In the B16F0 model, ANGPTL4 inhibits extravasation of tumor cells and macrometastases number. B16F0 cells were injected i.v. into C57BL/6 mice 2 weeks after ANGPTL4 electroporation, and mice were killed either 2 or 3 weeks later. At week 2, tumor islets were observed in lungs by staining sections with HES (A Upper) and anti-CD34 (A Lower), allowing discrimination of C57BL/6 micrometastases implanted in the lung parenchyma from intravascular emboli. Left panel, arrows indicate residual vascular walls associated with tumor cell extravasation in control lung. Right panel, arrows show intact vessels enclosing localized nodules (emboli) in lungs from ANGPTL4 mice (A). Quantification of micrometastases invaded the parenchyma of the lung (B) and localized emboli (C). Typical views of lungs presenting macroscopic metastases at week 3 (D Upper). For each mouse, quantification of total metastatic area (E) and mean surface area per macrometastasis (F) was performed by using scanned images of HES-stained lung sections (D Lower).

Fig. 4.

Inhibition of histamine-induced vascular permeability by ANGPTL4. VP was evaluated by performing a Miles assay induced by histamine in nude mice electrotransferred with ANGPTL4 or control plasmid.
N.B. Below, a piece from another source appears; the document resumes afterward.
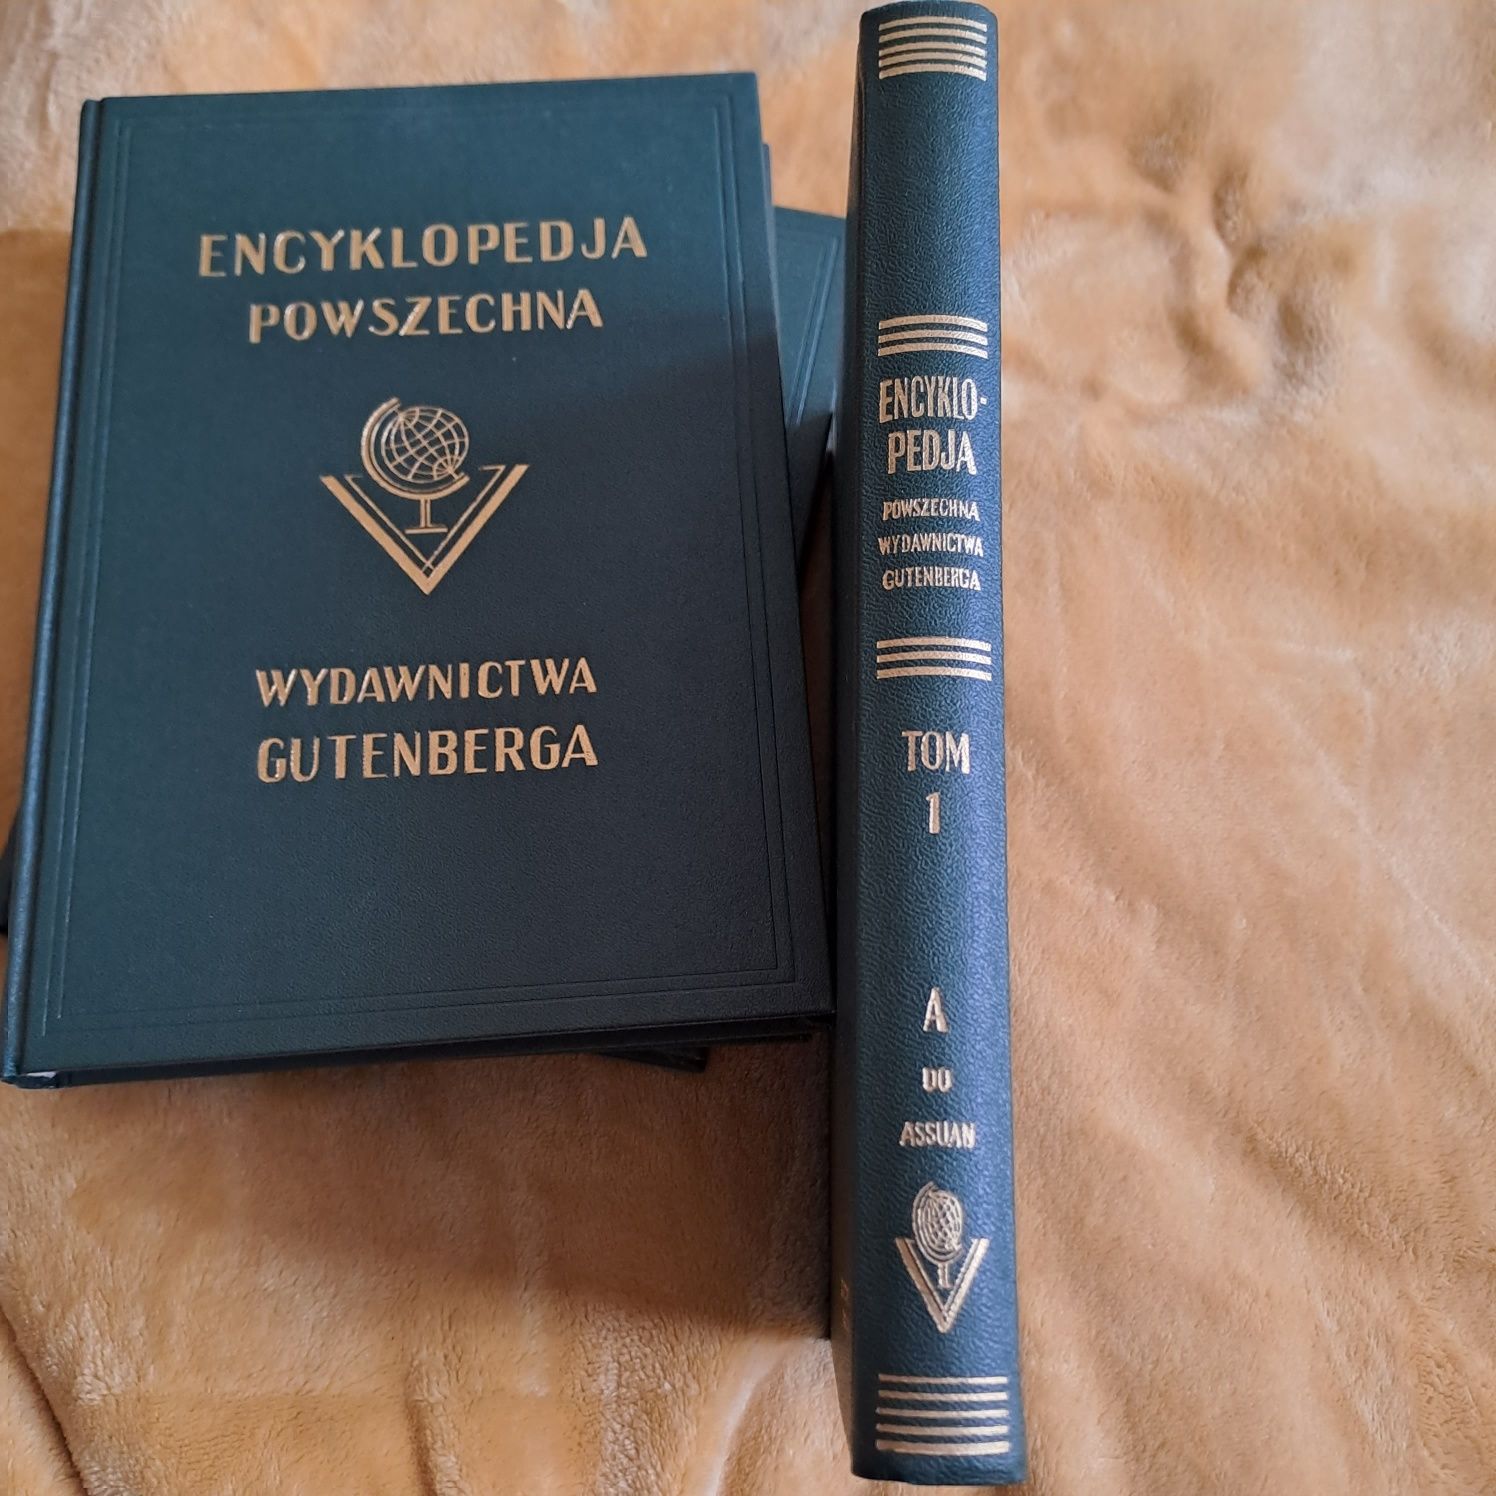 Encyklopedia powszechna wydawnictwa Gutenberga Tom 1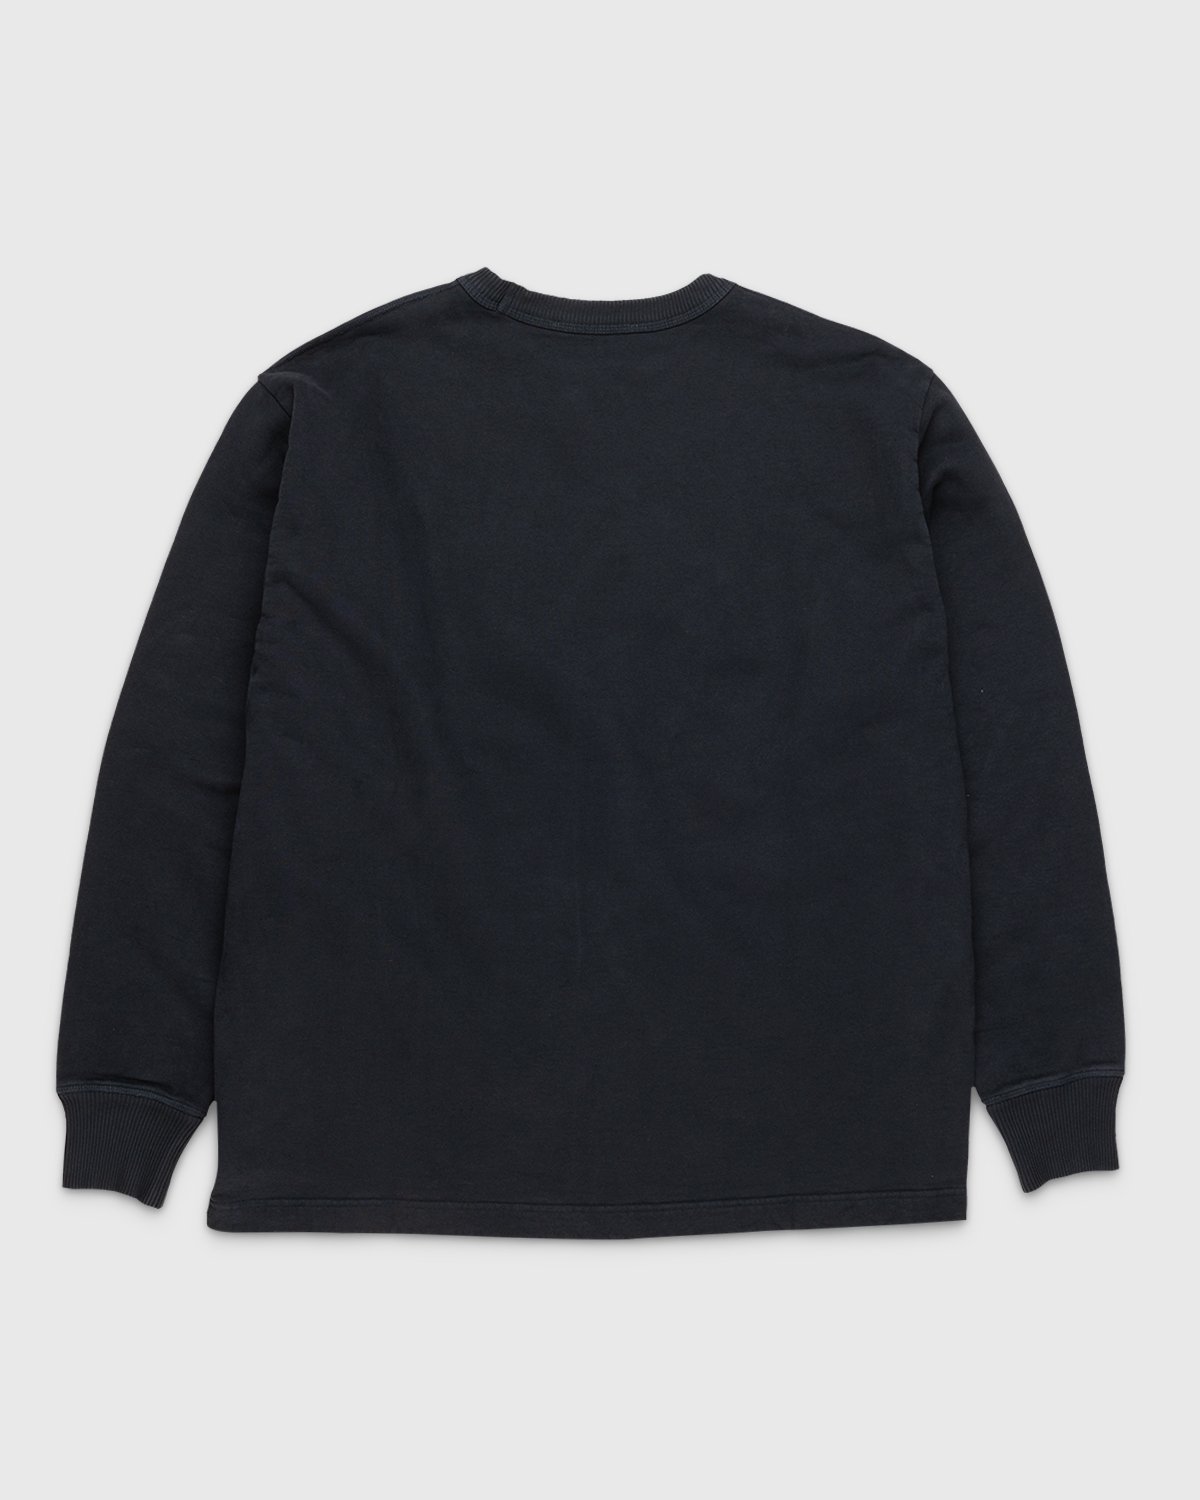 Acne Studios - Organic Cotton Logo Crewneck Sweatshirt Black - Clothing - Black - Image 2

Spectrophotometric analysis of vascular leakiness with Evans blue dye was performed. For each group, extravasation of dye after injection of histamine (1 nM, 10 nM) was compared with extravasation of dye after injection of PBS. Mean nanograms of Evans blue per milligram of fresh tissue are represented ± SEM.

Fig. 5.

In vitro characterization of the overexpression of ANGPTL4 in tumor cells. Western blot analysis of ANGPTL4-mycHIS protein secreted by stably transfected B16F0 clones (B16F0/ANGPTL4-Low, -Medium, or -High) compared with control cells (B16F0/Empty vector as negative control and CHO/ANGPTL4 as positive control (16) and detected by c-myc antibody (A). Alteration of tumor cell adhesion, motility, and invasiveness by ANGPTL4. “Adhesion assay”: 5 × 104 stained B16F0 cells expressing ANGPTL4 or control cells were plated on BSA, fibronectin, laminin, or vitronectin for 1 h, and fluorescence was measured (B). “Boyden chamber assay”: 1 × 105 stained cells expressing ANGPTL4 or control cells were seeded in transwells with polycarbonate membrane plates. Migration on a fibronectin coating (C) or invasion through a Matrigel barrier (D) was assessed by measuring fluorescence after 6 h. ANGPTL4 modifies cytoskeleton organization. Cytoskeleton organization of B16F0 ANGPTL4 cells or control cells was evaluated by fluorescence detection of polymerized actin fibers (red) and vinculin (green) (E). Quantification was performed by determining the percentage of cells showing an organized cytoskeleton, i.e., polymerized actin stress fibers (red) and vinculin focal adhesion contacts (green) in control and ANGPTL4 cells (F).